Machen took comfort that the Bible is absolutely a “true account” because the One “whom the Christian worships is a God of truth.” If God is truth, then His Word—all of it—is truth. This doctrine of plenary inspiration (all of Scripture is the very Word of God) is the sure testimony of Scripture itself and of Jesus Himself. Scripture alone is the final seat of authority.
Though the Reformation battles over justification by faith alone were intense, it has been rightly noted that the fiercest battle with the Roman Catholic Church concerned authority. Underlying the questions concerning the pure gospel of grace lay a fundamental question: “Who says?” This authority question did not hide in the shadows. For generations, Rome had plainly positioned its voice as the final infallible arbiter of truth, deciding how the church should interpret the Bible and tradition and delivering the final word concerning faith and understanding. To Rome, the final and infallible voice belongs to the Magisterium (the authoritative teaching of the bishops and pope), with special distinction for the pope when he speaks ex cathedra (from the chair).
The Reformers voiced their own protest, and with divine reason. The church and her officers must not sit in judgment over Scripture. The church is a creatura verbi, a creation of the Word.
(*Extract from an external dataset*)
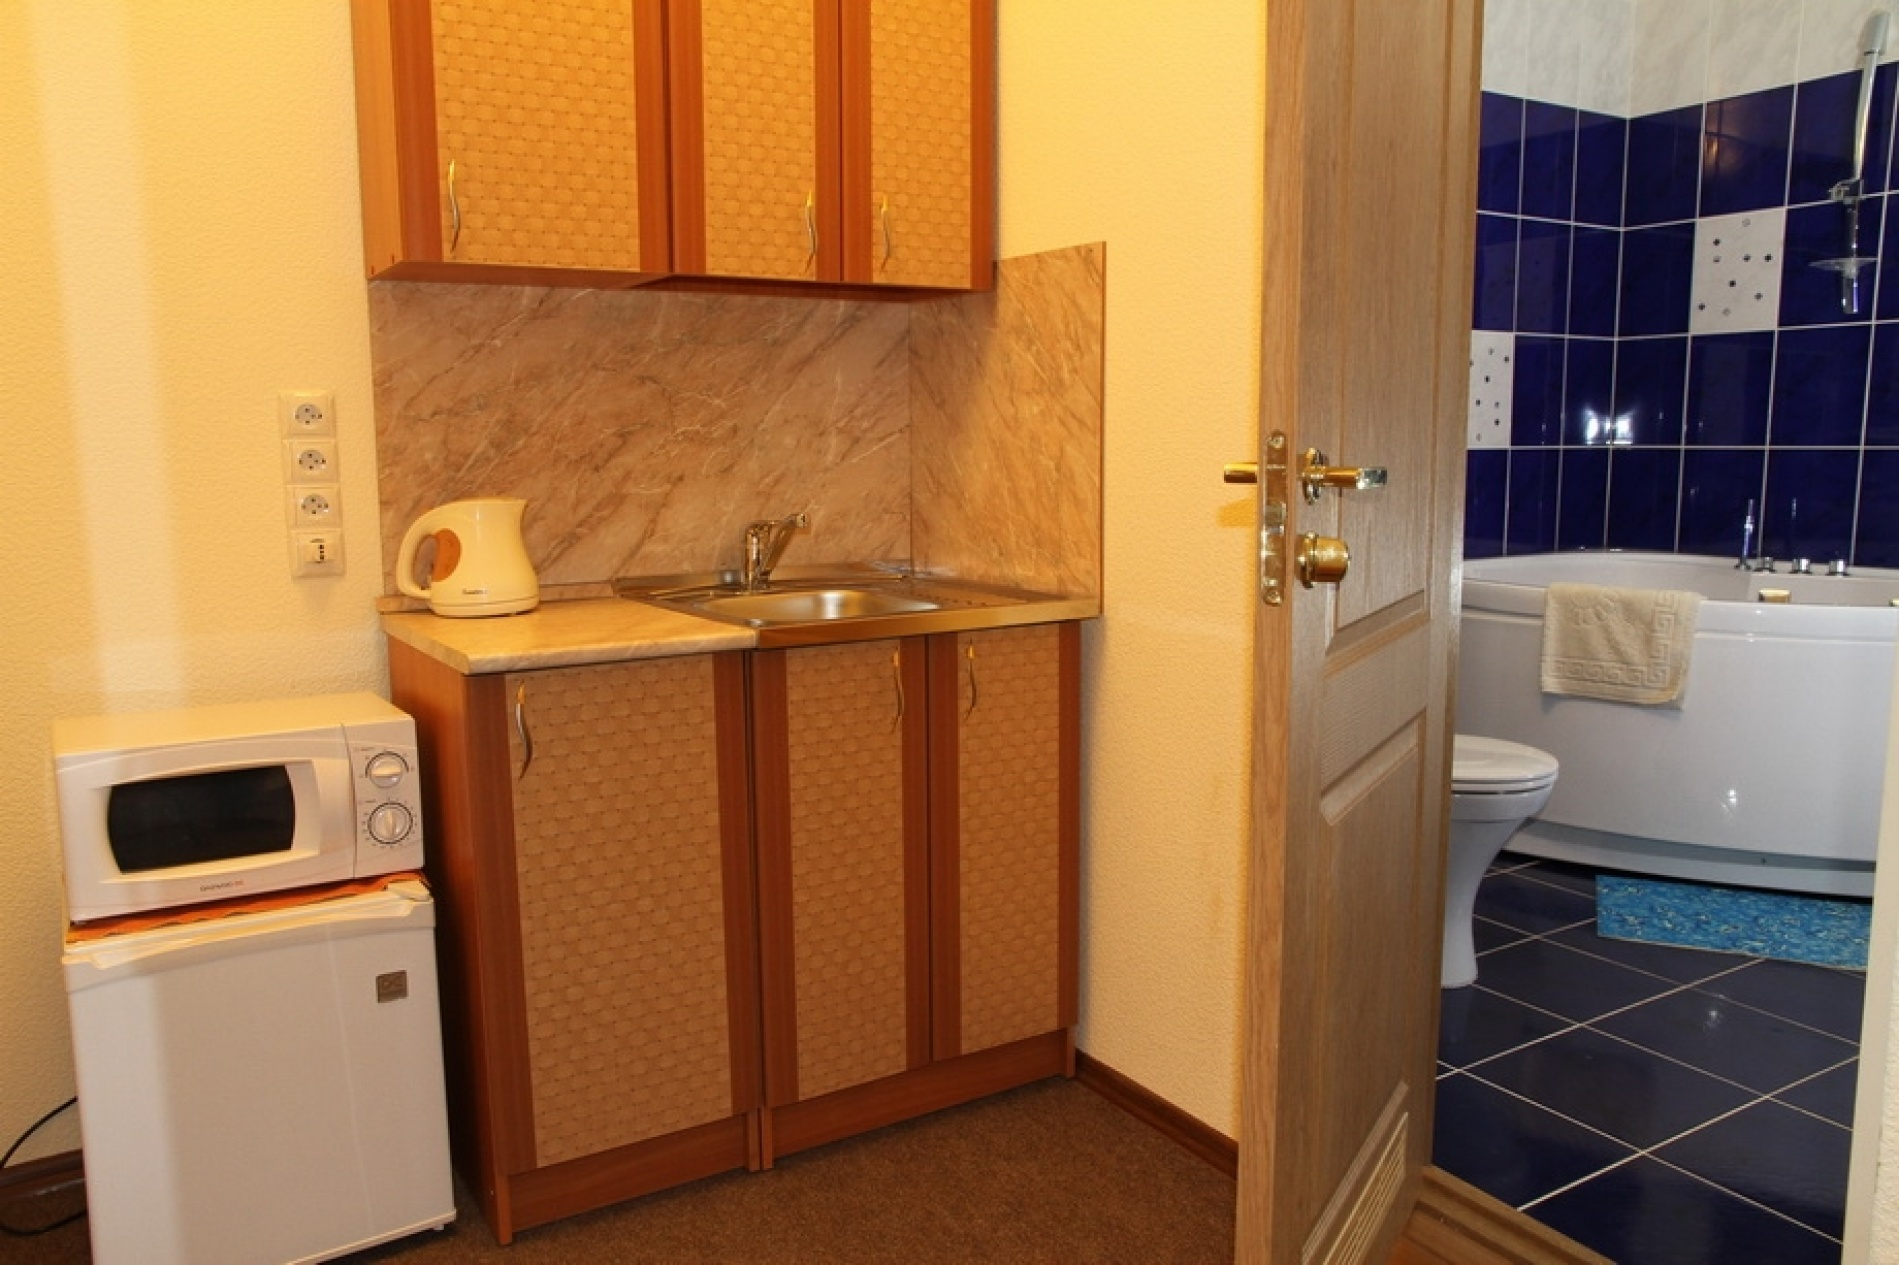 Загородный отель «Плесков» Псковская область Апартаменты № 2, фото 3

So understood, the church and all its officers sit under the Word of God. But Rome had usurped authority that belongs to God’s Word alone, converting and perverting the church’s derivative authority into definitive authority. The Reformers, therefore, uniformly spurned Rome’s claims that tradition and the Bible speak with voices of equal authority, rejected its tiebreaking magisterial voice, and repudiated its claims to infallibility. The Bible alone (sola Scriptura) suitably holds the infallibility moniker and serves alone as supreme judge (Westminster Confession of Faith 1.10).
Rome’s assumption of magisterial authority is only one manifestation of mankind’s persistent refusal to bow the knee to God’s Word. In the early twentieth century in the United States, J. Gresham Machen faced a new and formidable Word-defying foe: theological liberalism. While this opponent bore a different face from the one before the Reformers, its voice was loud, its clout strong, and the stakes high. Machen knew what he was up against, and with a Luther-like resolve under the conscious authority of Scripture, he valiantly asked, “Shall we accept the Jesus of the New Testament as our Saviour, or shall we reject Him with the liberal Church?”
Theological liberalism was in the very air of post–World War I modernism. And the mainline church had inhaled. Scandalized by the Scopes “monkey” trial, fundamentalist Christianity had become a cultural laughingstock, a resource-rich target of mockery for the educated and sophisticated. Harry Emerson Fosdick’s famous 1922 sermon “Shall the Fundamentalists Win?,” while contending for a supreme law of tolerance, not so subtly asserted his perception that the doctrines of the historic Christian faith were inane. Fosdick pleaded for everyone just to get along.